# Do your chi's cry tears?



## Rochelle (Nov 20, 2008)

I took Peek to the flea market today and the older people just love dogs so I popped peek into a man's arms and peek was crying a fountain of tear. Literally dripping on the floor.
My little guy is not the friendliest and will snap at anyone who comes near me but if I quickly toss him in someone's arms, he doesn't bite them. Just glares at them with hate. This time he cried. I'm thinking he thought I was going to leave him with this man and he was so happy when I took him out of the man's arms.
Does anyone else's chi cry a river at certain times?


----------



## Rosiesmum (Oct 14, 2007)

No mine don't. Might your little one have an allergy?

Barbara x


----------



## Jetta (Mar 26, 2009)

Loki's eyes run a bit but from what I've read that's quite common in toy breeds but it's not much. If it really was specific to him being in the mans arms and being upset about it then stopped when he was back with you and happy then I'm not sure what else it could be, an alergy wouldn't be as on/off as that.

I have never heard of a dog crying before though or any other animal for that matter.

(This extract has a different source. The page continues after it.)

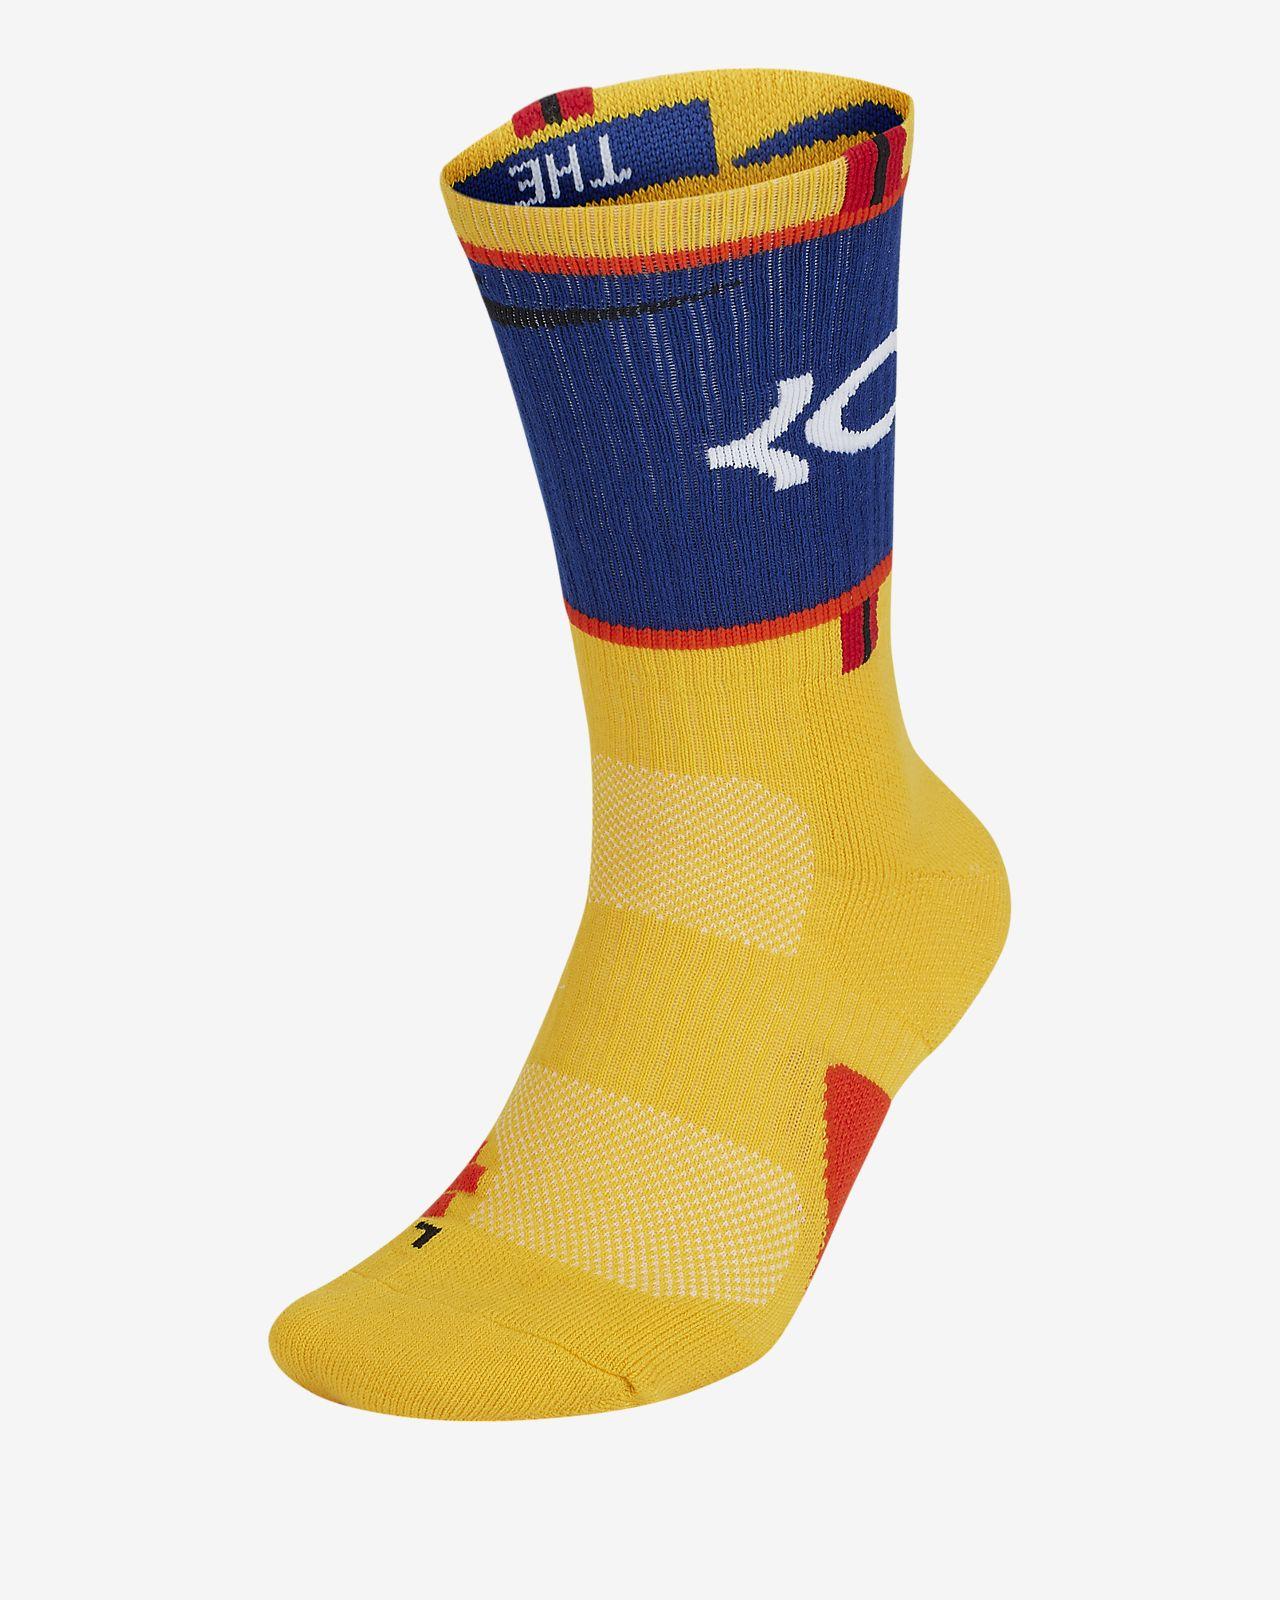 KD Elite Basketball Crew Socks (1 Pair)

Be interesting to see if anyone else has heard of this though.

Poor peek.


----------



## Rosiesmum (Oct 14, 2007)

Jetta;484867
I have never heard of a dog crying before though or any other animal for that matter.
[/QUOTE said:


> I knew someone who swore her guinea pigs cried when they lost their companions, but I never experienced it. I think she was just a bit of an odd bod!
> 
> Maybe some animals do? The primates perhaps? Not sure...
> 
> Barbara x


----------



## Jetta (Mar 26, 2009)

Just looked up the subject quickly and it says most scientists believe that we are the only animals to produce tears from emotion but they are physicaly capable of tears as they'd need them if they had an irritant in their eyes.


----------



## Rochelle (Nov 20, 2008)

Peeks eyes are crystal clear and not runny before I let the man hold him, or after I took him from the man. I sware, small dropplets of tears were dropping on my hand and the ground as I pet him in the man's arms. As soon as I took him back his little tail wagged and the tears stopped. I honestly think he was crying inside, and since he's such a toughie on the outside, it was showing through tears how upset he was.
I did find this little story how someone else has seen a chi cry.
http://www.parkerpaws.org/pettalk/pettalk_092307.html
I've seen dogs with running eyes, but these were clearly tears. Just like rain drops. I don't think I'm going to be putting him in anyone else's arms from now on.


----------



## Brodysmom (Jan 8, 2009)

That story brought me chills. I feel so bad for Peek that he was so scared and sad that he cried when he was out of your arms. If Brody did that it would absolutely break my heart. I think you should hold on tight to Peek from now on! On the remote chance that those were real tears then you know how sad he is to be away from you. What a darling.


----------



## rcj1095 (Mar 4, 2009)

Oh Rochelle, I've never heard or seen such a thing. Did your heart just break? Poor baby. I think anything's possible and you know your dog so if they are tears of fear, then that's what they are. Kiss him. Maybe he is just going to be a bit less social than some.


----------



## Rochelle (Nov 20, 2008)

Strange that I wasn't sad that he was crying tears at the time. I was actually impressed that he wasn't tearing the man apart.
My boyfriend's Xolo cries tears when he's upset. Mostly when we're eating and not giving him any. It was just so sad that Peek was doing it from wanting to be back in my arms. I see him differently now and don't think I'll be trying to socialize him that way again.


----------



## xxxangelxxx (Mar 9, 2009)

ever since i brought lexi home i have noticed that she cries real tears, i didnt realise dogs could do it. when i tell her off for doing something naughty her eyes fill up and sometimes a big tear will come down. as soon as i put my "not happy voice on" she will cry. it is like having another child and people cant believe it till they have seen it, eve when others are holding her for me to pop to toilet or something. normally she loves attention of everyone and anyone, my friend thinks she is like a mini human.


----------



## Jetta (Mar 26, 2009)

xxxangelxxx said:


> ever since i brought lexi home i have noticed that she cries real tears, i didnt realise dogs could do it. when i tell her off for doing something naughty her eyes fill up and sometimes a big tear will come down. as soon as i put my "not happy voice on" she will cry. it is like having another child and people cant believe it till they have seen it, eve when others are holding her for me to pop to toilet or something. normally she loves attention of everyone and anyone, my friend thinks she is like a mini human.



A bless that's so sweet, unless she catches on that she can get what she wants that way. If Loki could cry I'd be screwed, what a tool for emotional blackmail, I'd never be able to tell him off I'd feel terrible.


----------



## jeanie brown (Jan 5, 2009)

they def smile so why shoukldent they cry? bless their little hearts


----------